One possible use case is to sort one array by keys from some other array. It comes up very frequently for me, and for data oriented programming in general. permutation - Rust can do this, but it requires computing intermediate permutation and additional heap space.
I don't see a good way for it to be an external crate, as it would basically have to reimplement the sorting form std.
To avoid internal allocation you could oblige caller to supply a scratch array of [usize; N].
EDIT: Concretely, suppose we added this function to slices
/// for 0 <= i < self.len() move item i to position permutation[i]
/// panics if self.len() != permutation.len()

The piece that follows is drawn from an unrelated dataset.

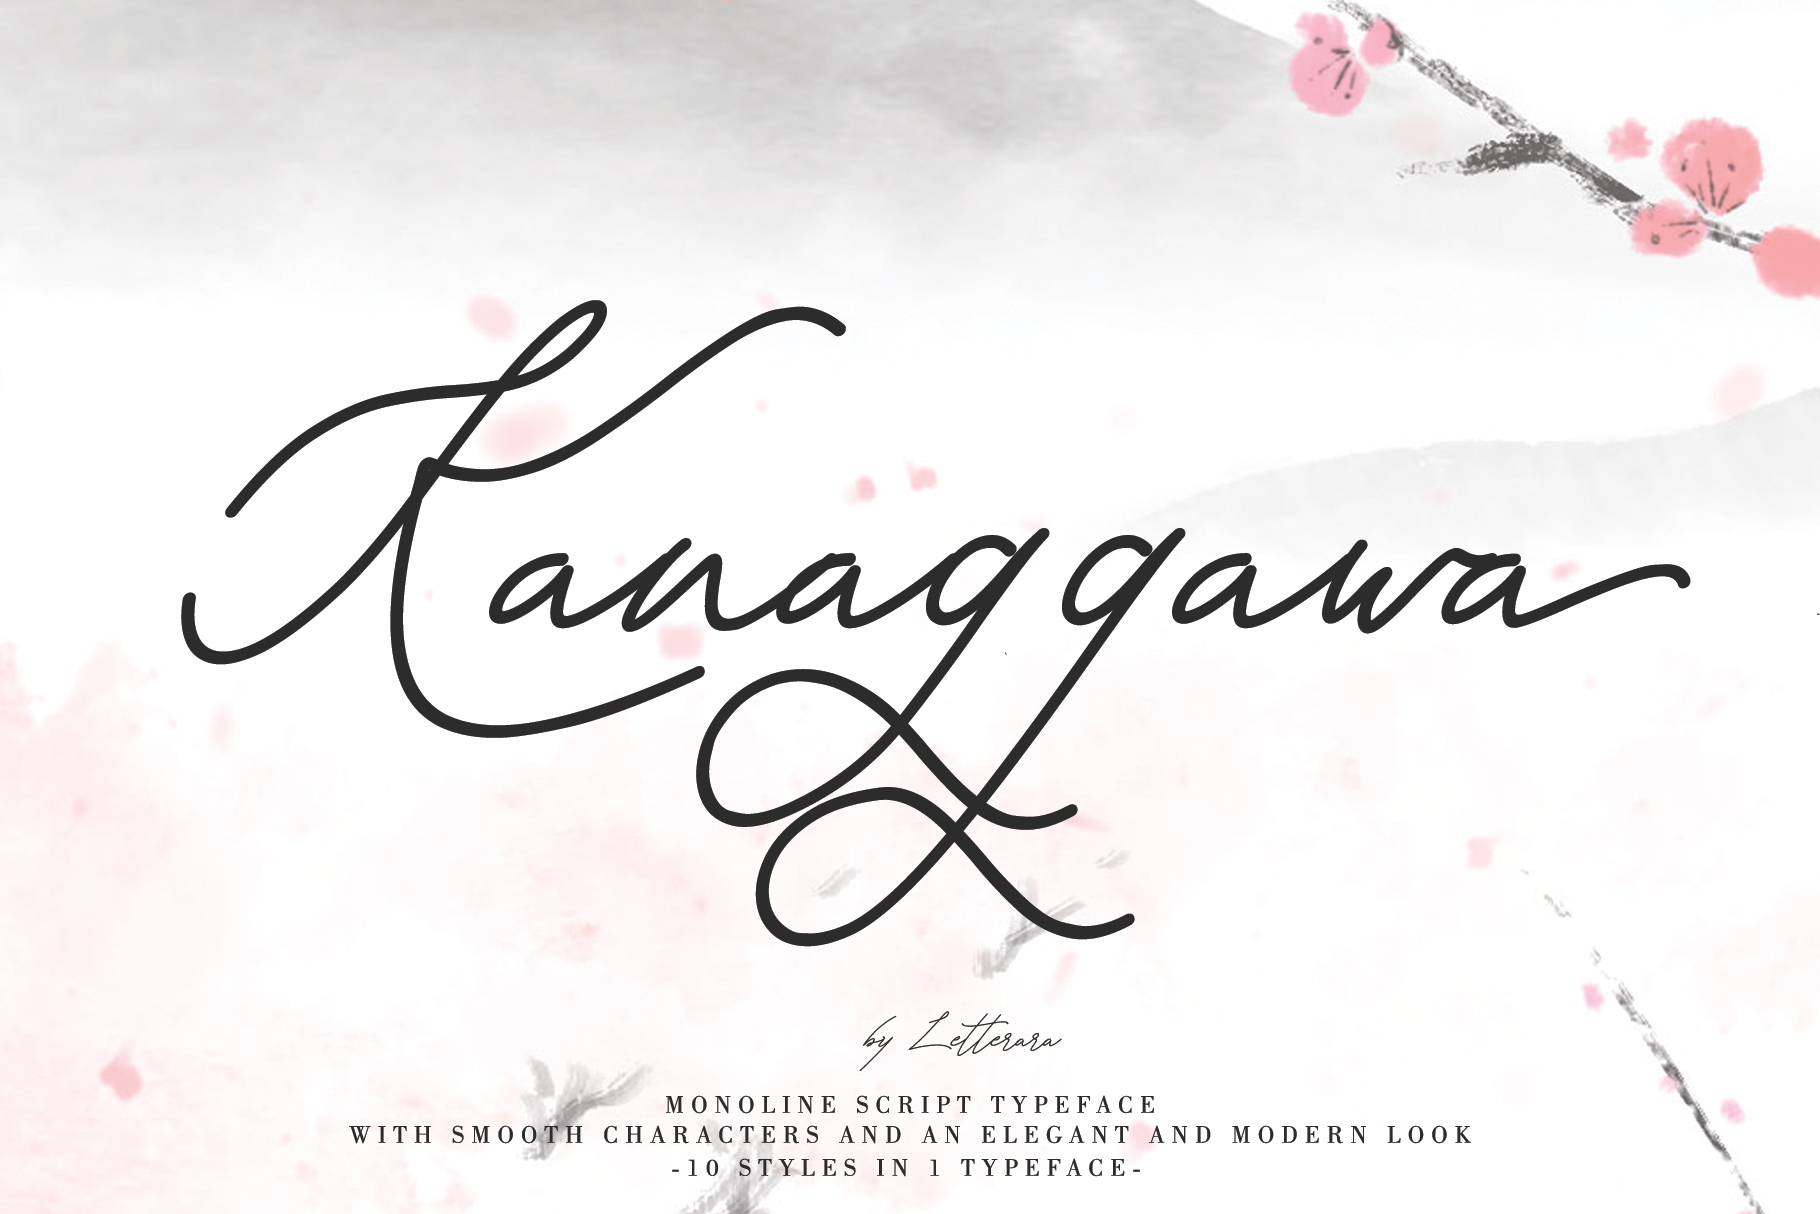 Kanaggawa

/// (if possible make that a type constraint)
/// or if permutation is not actually a permutation of 0..self.len()
pub fn permute(&mut self, permutation: &[usize])
then I think the existing <[usize]>::sort_(unstable_)by_key could do the rest of the job?

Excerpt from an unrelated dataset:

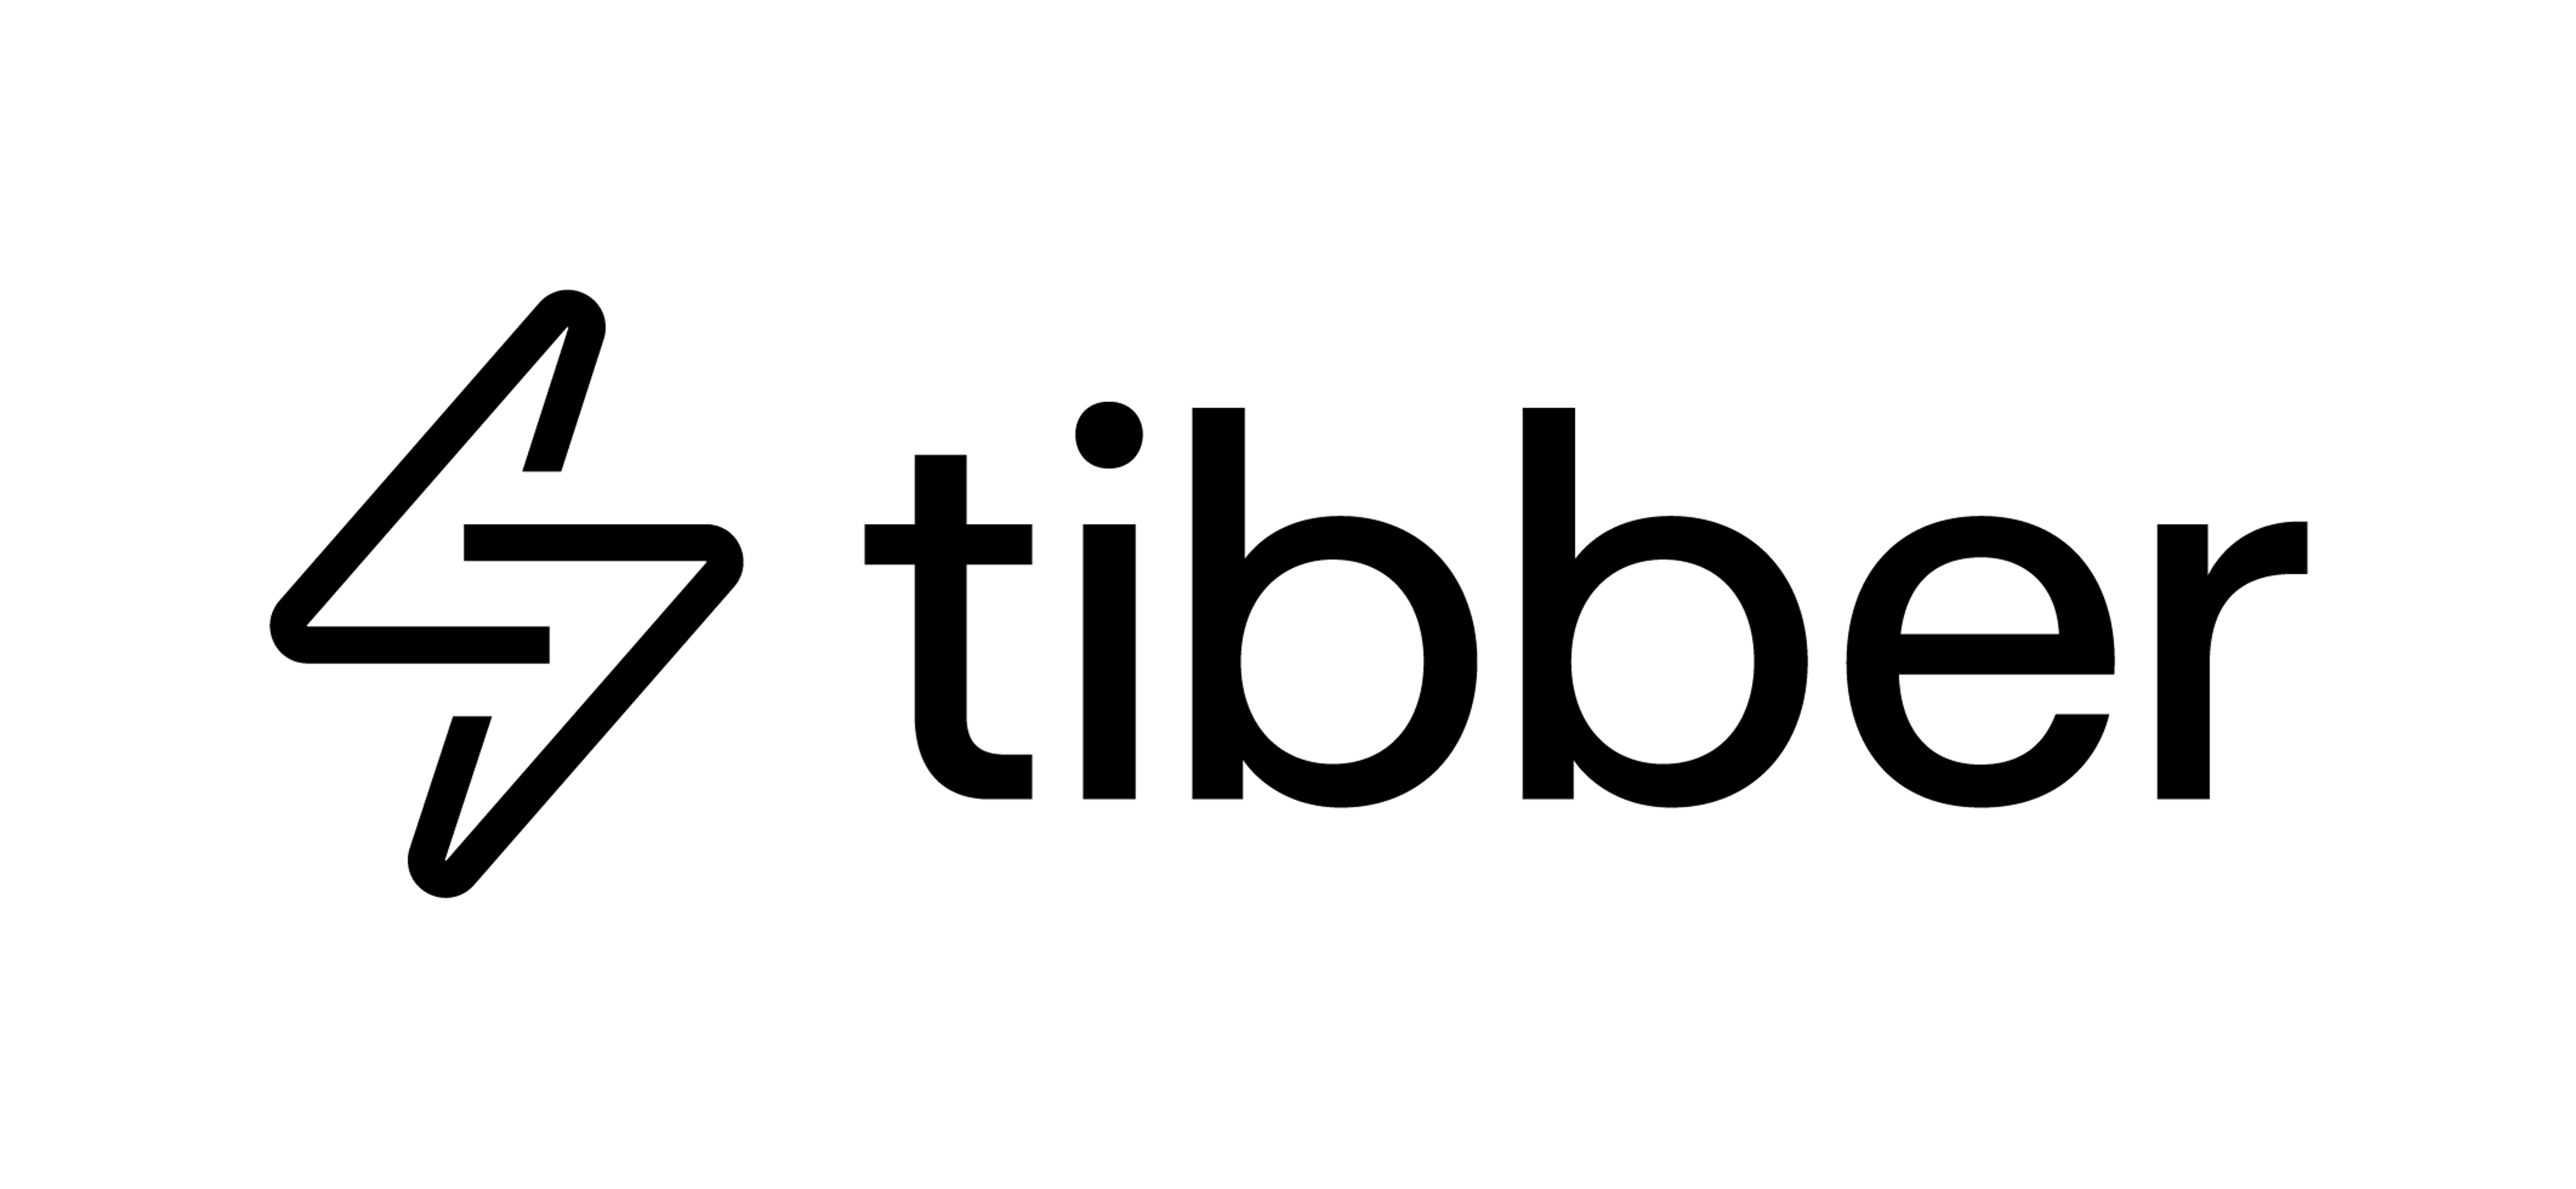 tibber logo

Though that doesn't guarantee the order of the calls to the key generator (just that it's at most once per item), so you can't just calculate the index inside the closure.
I would love something like that too. I end up with some variations of parallel arrays / structure-of-arrays quite often.

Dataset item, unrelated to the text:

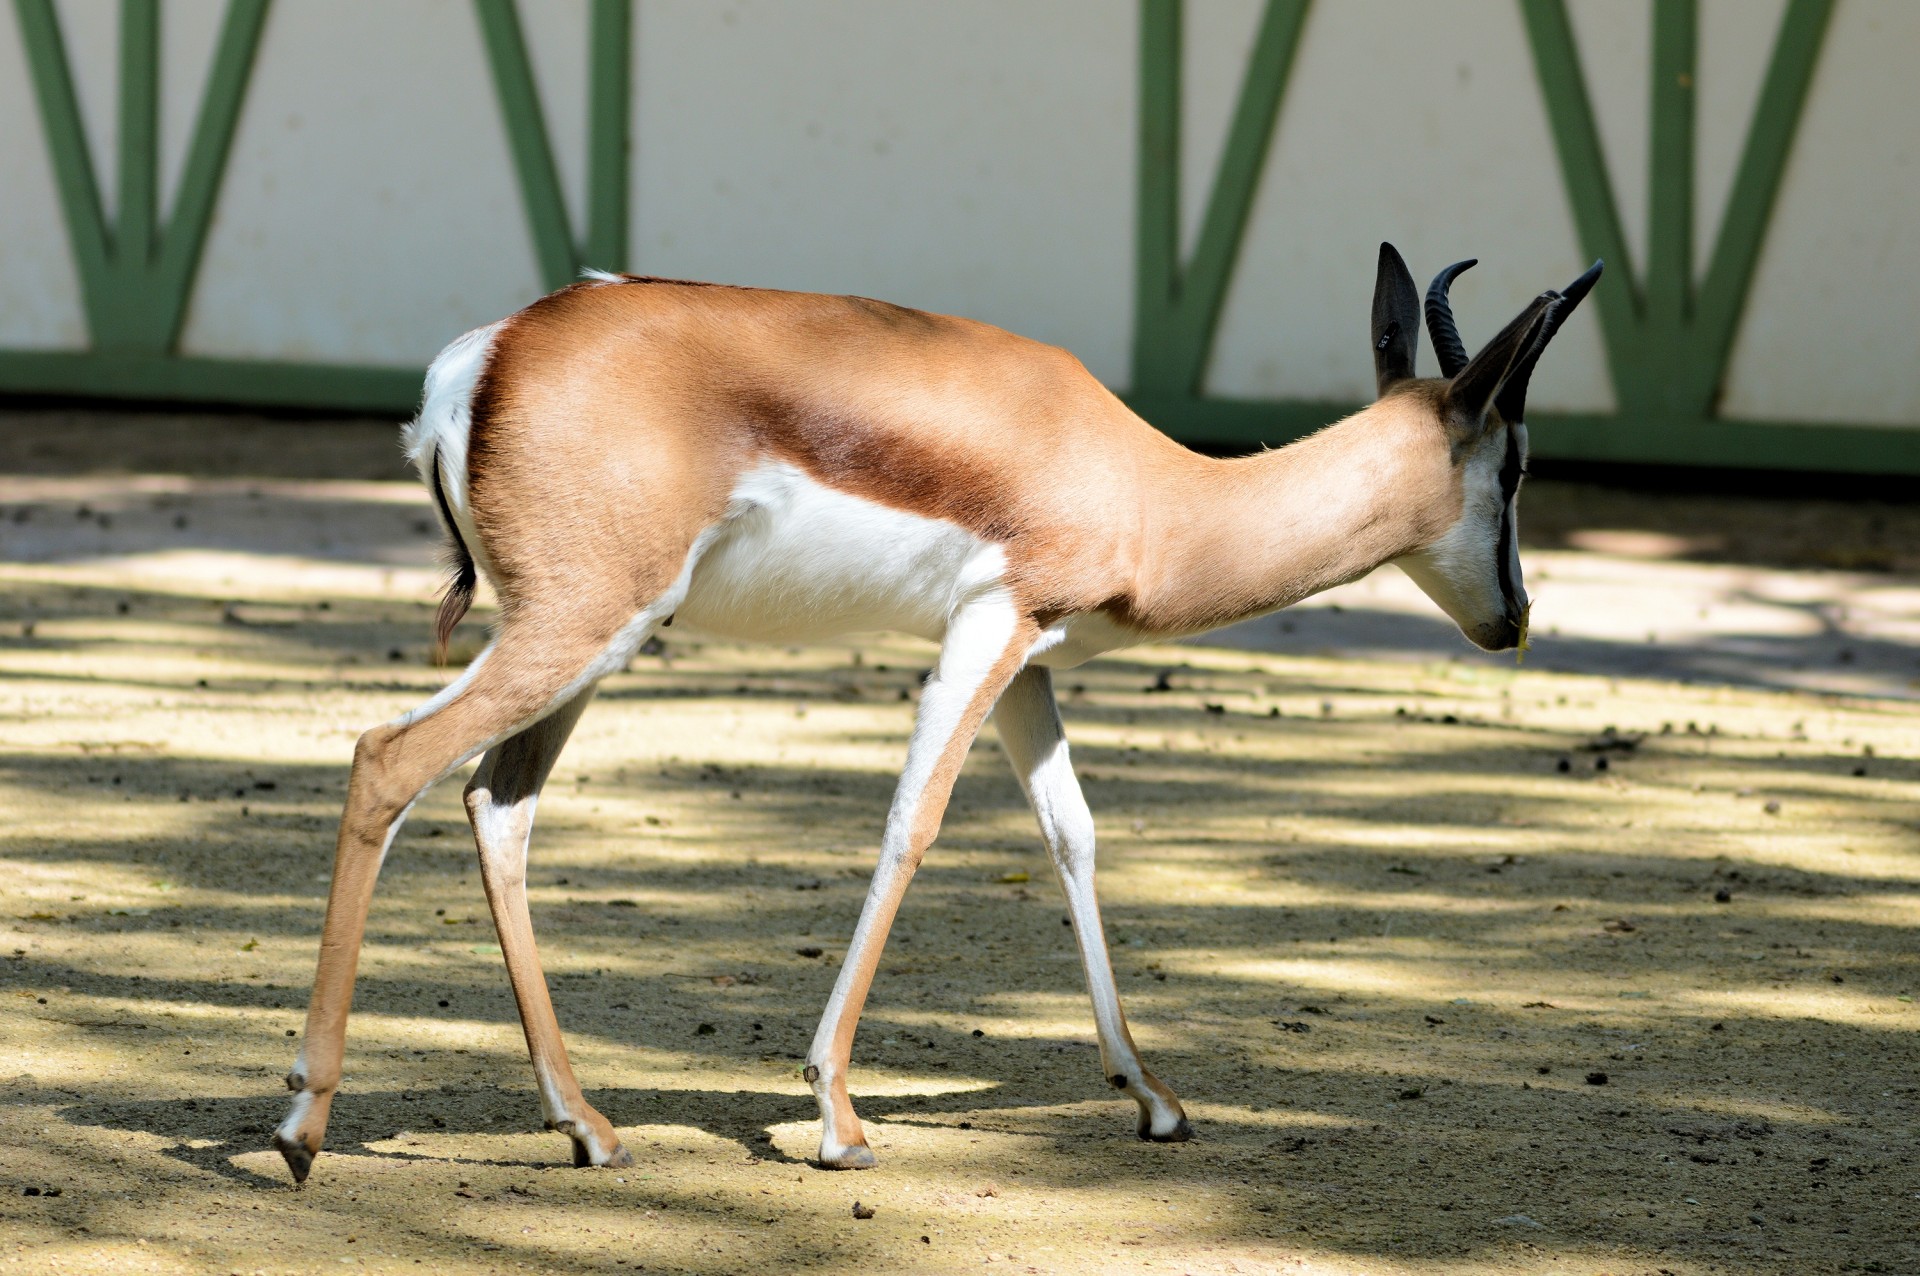 sable antelope wildlife free photo

That's technically quite close to sort_by_cached_key, but I almost never end up using actual sort_by_cached_key, because typically I have to build all the keys first using some elaborate process that can't make keys on demand, so I have to make my own "cached_key" storage, but still need the "sort" part.
I'm not sure if |slice, i, j| could optimize out bounds checks. I've tried to make LLVM remove bounds checks in select_nth_unstable and found that length checks fail to propagate across non-trivial conditions.
But something that takes a slice of keys and a slice of values to sort, performs a one-time length check, and then swaps with unsafe indexing under the hood if necessary, would be fine for me.
[values].sort_by_keys(&mut [keys])
// or
[keys].sort_values(&mut [values])
The latter could work with multiple homogeneous parallel arrays via [keys].sort_values(&mut [[values]; N]).
With some hypothetical variadic generics, or enough macro hacks, maybe it could support multiple different parallel arrays [keys].sort_values((&mut [T], &mut [U])).